L'Explication Prémisse
Lorsque l'autorité administrative ordonne la fermeture provisoire d'un établissement (pour des raisons de santé, de sécurité, etc.), cette décision n'entraîne ni la fin du contrat de travail, ni sa suspension. Autrement dit : les salariés restent liés à leur employeur, conservent leur statut et leurs droits, et ne doivent pas subir de perte financière du fait de cette fermeture ordonnée par l'administration.
Une usine est fermée 10 jours par la préfecture après la détection d'un risque sanitaire. Pendant ces 10 jours, l'employeur ne peut pas licencier ni suspendre les contrats des opérateurs à cause de la fermeture administrative. Les salariés ne doivent pas subir de perte de salaire liée à cette fermeture : soit l'employeur continue à couvrir les rémunérations, soit des dispositifs (par exemple l'activité partielle) ou aides publiques prennent en charge tout ou partie des rémunérations, mais les salariés ne doivent pas être financièrement pénalisés du fait de la mesure administrative.
- La fermeture est prise par l'autorité administrative (article L.8272-2) et concerne l'établissement.
- La décision n'entraîne ni rupture ni suspension du contrat de travail : les contrats restent en vigueur.
- Aucun préjudice pécuniaire ne doit peser sur les salariés : ils ne doivent pas subir de perte financière du fait de la fermeture administrative.

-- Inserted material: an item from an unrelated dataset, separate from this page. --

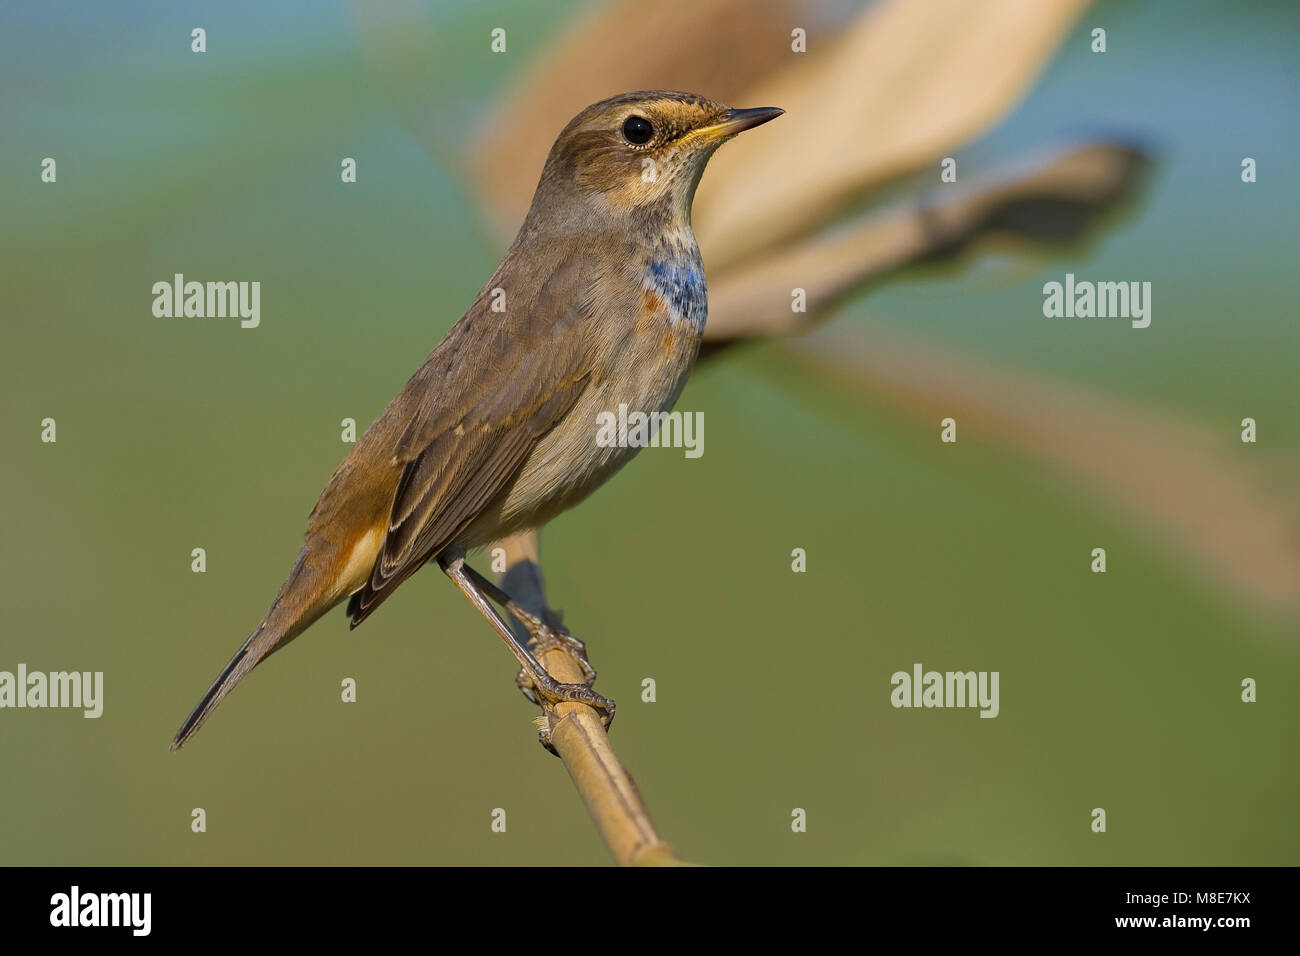 Blauwborst zittend op tak; White-Spotted Bluethroat perched on branch Stock Photo

- Les droits attachés au contrat (ancienneté, ouverture des droits, avantages contractuels) sont préservés.
- L'employeur ne peut pas profiter de la fermeture administrative pour licencier, sanctionner ou réduire les droits des salariés.
- Des mécanismes publics (ex. activité partielle, aides) peuvent être mobilisés en pratique pour assurer la rémunération, sans que cela n'exonère l'application du principe de protection des salariés.
- En cas de non-respect (retenue de salaire, licenciement), les salariés peuvent saisir les juridictions compétentes (conseil de prud'hommes) pour faire valoir leurs droits.